Northampton, May 7, 1750."

“ This writing was handed round, and particularly taken notice of in the Council, and read by the members. Such abundant care did I take, that the Council might fully understand, that I by no means insisted, that a man should profess that he was sanctified or converted; and that I was so far from insisting on it, that I disliked such a kind of profession, and such terms of communion. Yet now some of the gentlemen, who were members of that Council, declare to the world from the press, that I declared this very thing to the Council, that I could not in conscience admit persons, unless they first made a profession that they were indeed sanctified. It may be said that, although I produce testimonies to the contrary, yet there are four that write in this declaration, which is sufficient to balance all my testimonies. To this I reply, that the extract from my letter to Mr. Clark of Salem Village, which was laid in before this Council, wherein the contrary was expressly declared, was in writing; and they cannot, and do not deny, that this extract, in these very words, was laid before them. And if they should deny that I ever wrote such a letter, the original is in Mr. Clark's hands; which will speak for itself, if they deny that I have truly represented it.

“That they should make such a declaration, as they have done, is the more remarkable, because this my extract from that letter was printed, long before, in the Preface to my Farewell Sermon, as a designed refutation of such kinds of reports of my opinion, and was referred to, to the same purpose, in the printed Result of the Council which sat at Northampton, which these gentlemen (p. 18) confess that they had seen. And these things from the press were very much known, and taken notice of, in that part of the country where these ministers live, long before. So that, if it were possi

ble for me to defend myself from such injurious representations, and reports, and assertions on the part of those gentlemen, as are here made, one would think it was most effectually done.
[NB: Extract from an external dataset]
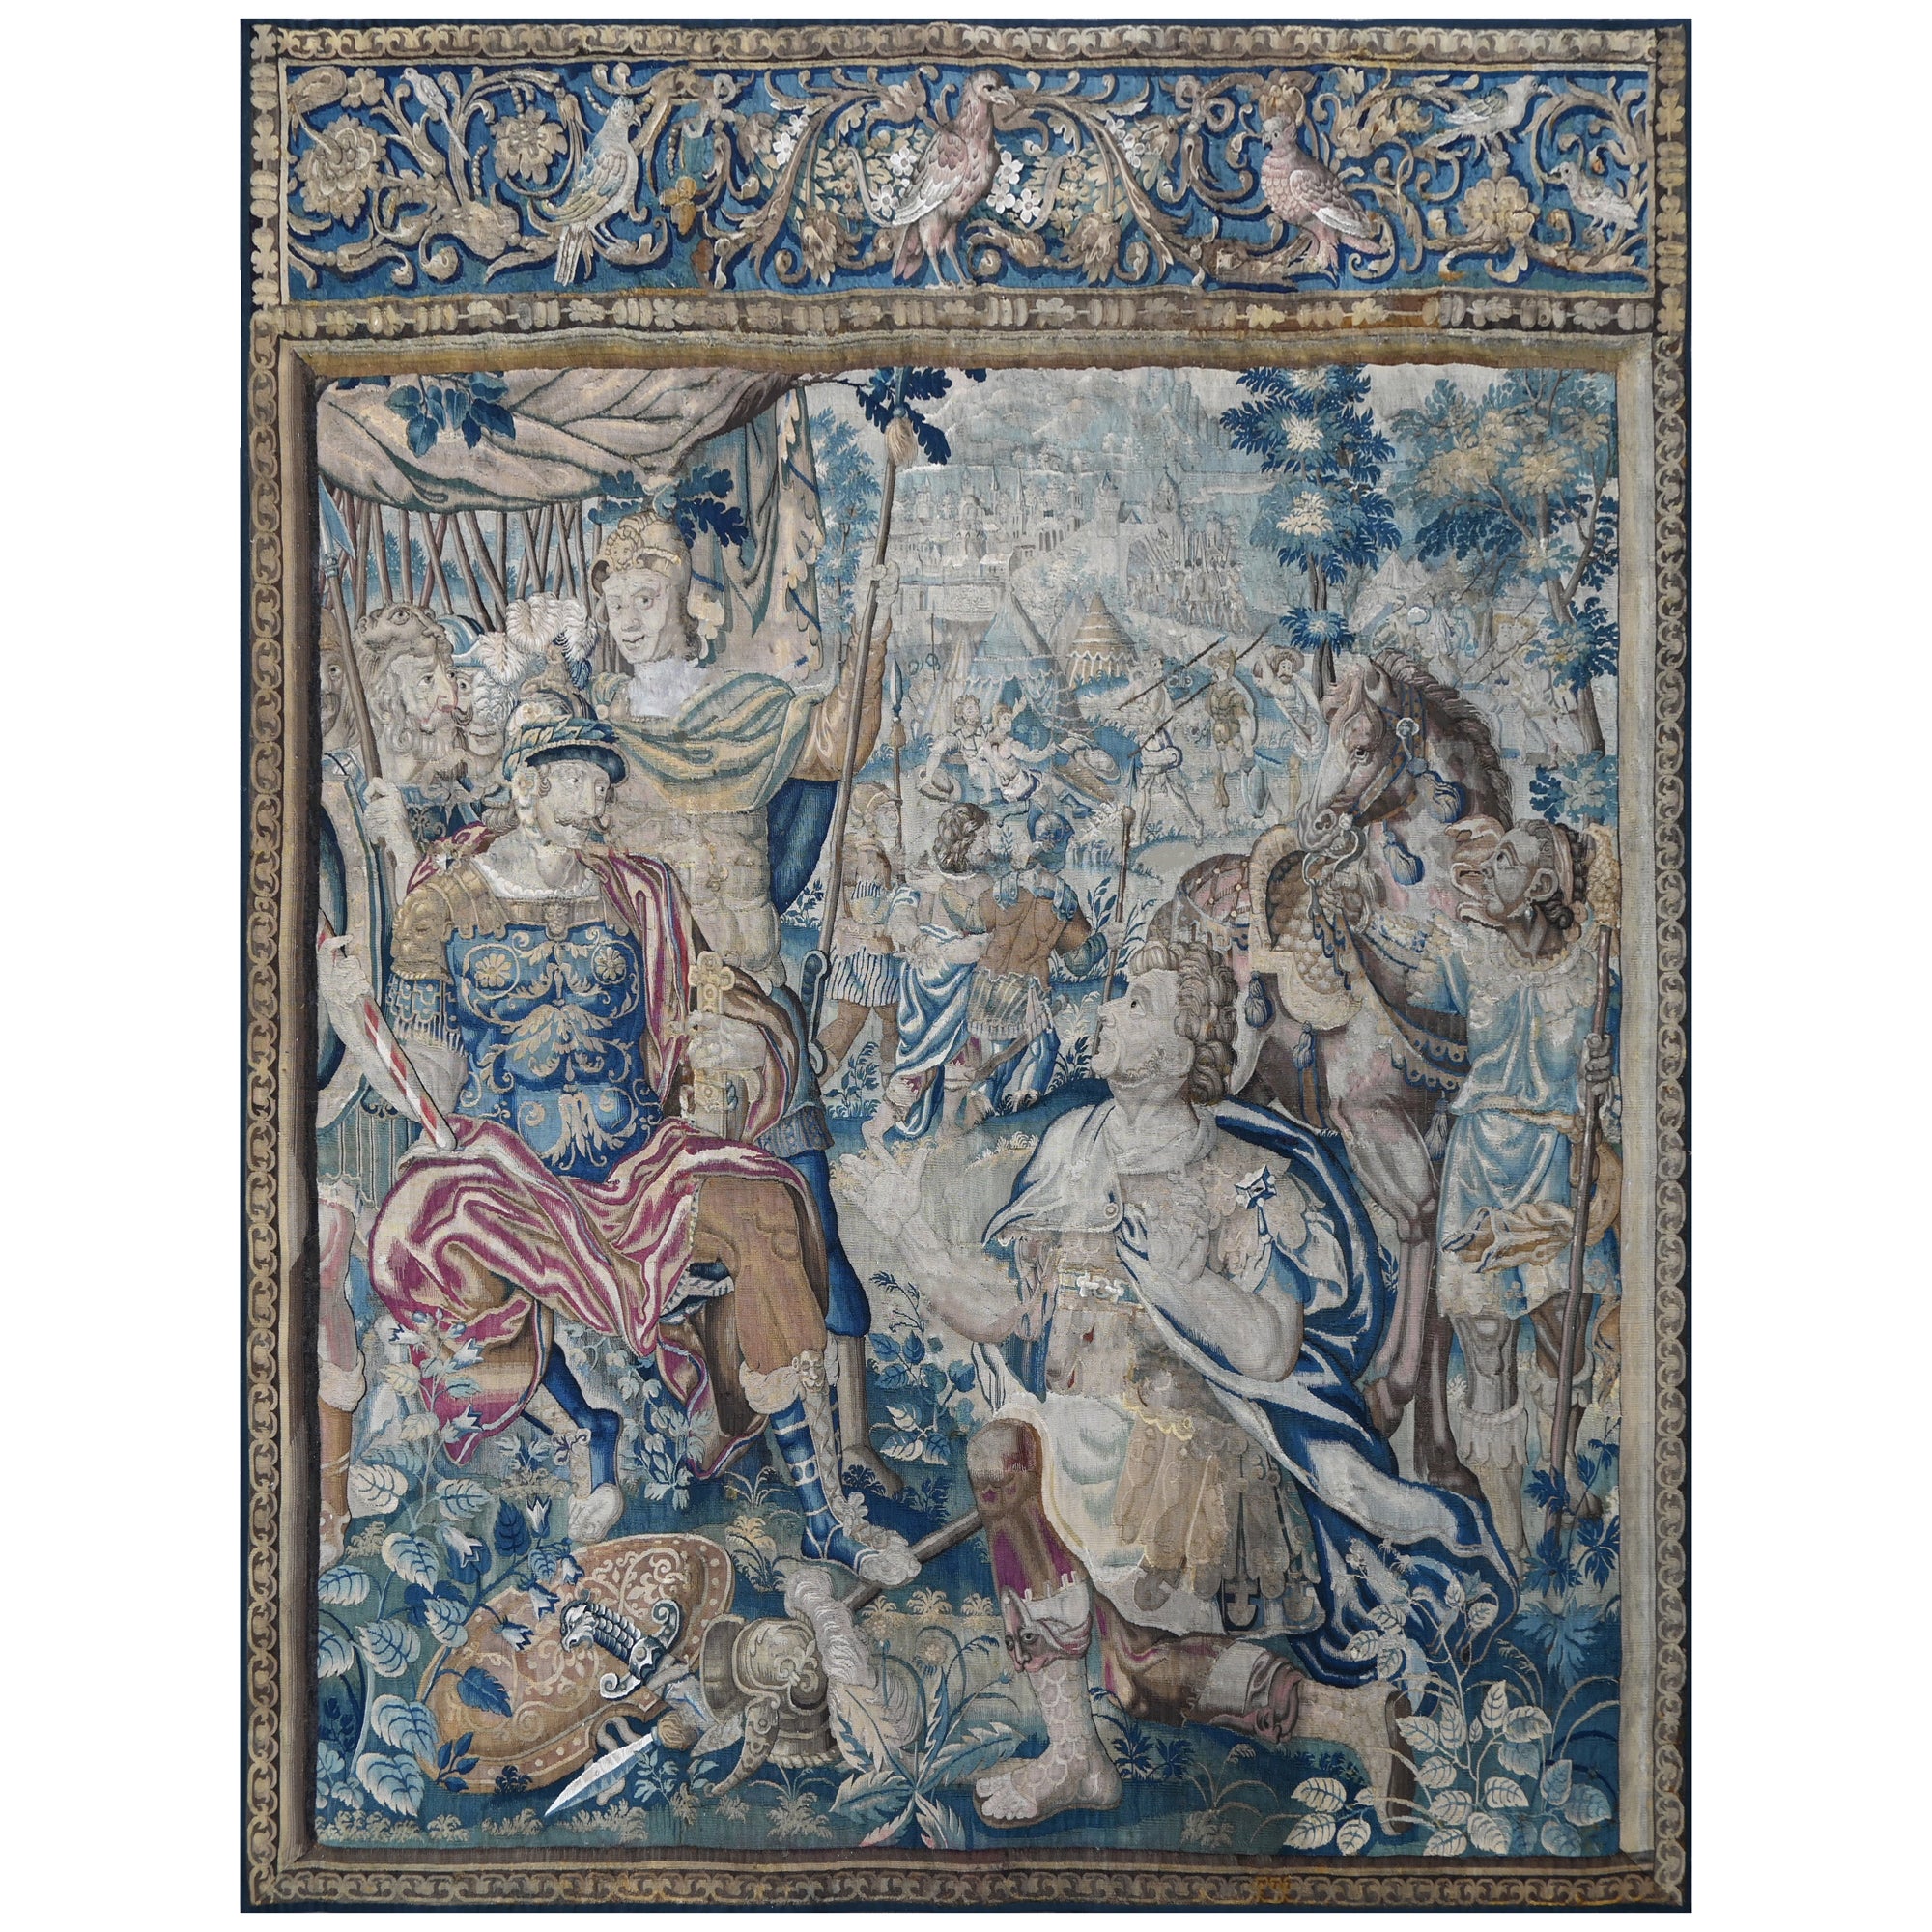 Tapestry Manufacture Brussels, Mid 17th - The Capture Of Rome 410 Ad - No. 1375 For Sale

Yet, notwithstanding all this, they now boldly assert to the world, that I declared that, which, instead of declaring, I, at the time, expressly, carefully and publicly denied, and also declared the very reverse of it, by word of mouth, in their hearing, and in writing addressed to themselves, and afterwards from the press, before the world. If I had perfectly held my peace, and made no declaration of any kind on the subject, and they had then published to the world that I declared this, which they have asserted, it would indeed have been strange; but still, it would have been far less surprising and injurious than now, since I have, with so much pains, declared the contrary, and taken so much care, that they should have full notice of my denying and abhorring the thing, which they say I asserted and insisted on. " I am your friend and brother,

“ JONATHAN EDWARDS."

In the course of the spring, the Reply of the Rev. Solomon Williams, of Lebanon, Connecticut, to the Treatise of Mr. Edwards, on the Qualifications for Communion, issued from the press.* The task of preparing this work was not, originally, of the author's own seeking. As has been already mentioned, his half-brother, at the request of some of the opposers of Mr. Edwards in Northampton, began, in 1749, to collect materials for this reply. In this work, he had proceeded some distance, we know not how far, when the necessity of his embarking for England compelled him to relinquish it; and he placed his papers in the hands of his brother, in whose name the work appeared. What its character would have been, had he completed it himself, cannot now be known; but, after reading it, as it actually came forth from the hands of the two brothers, the friends of the lax mode of admission, conscious as they were of danger to their cause, from the Enquiry of Mr. Edwards, must have felt, if they did not say, “ Non tali auxilio, nec defensoribus istis, tempus eget.” That the author, though he styled his work an Answer to the Treatise of Mr. Edwards, perceived it to be no easy task to furnish a real answer to his arguments, is obvious from the fact, that he continually misrepresents its design, and the nature of the question in controversy. He often asserts it to be the

* The title of this samphlet is, "The True State of the Question concerning the Qualifications necessary to lawful Communion in the Christian Sacraments; being an Answer to the Rev. Mr. Jonathan Edwards' Book, entitled. An Humble Enquiry into the Rules of the Word of God, concerning the Qualifications requisite to a complete standing, and full Communion, in the Visible Christian Church; by Solomon Williams, A. M." Boston, 1751.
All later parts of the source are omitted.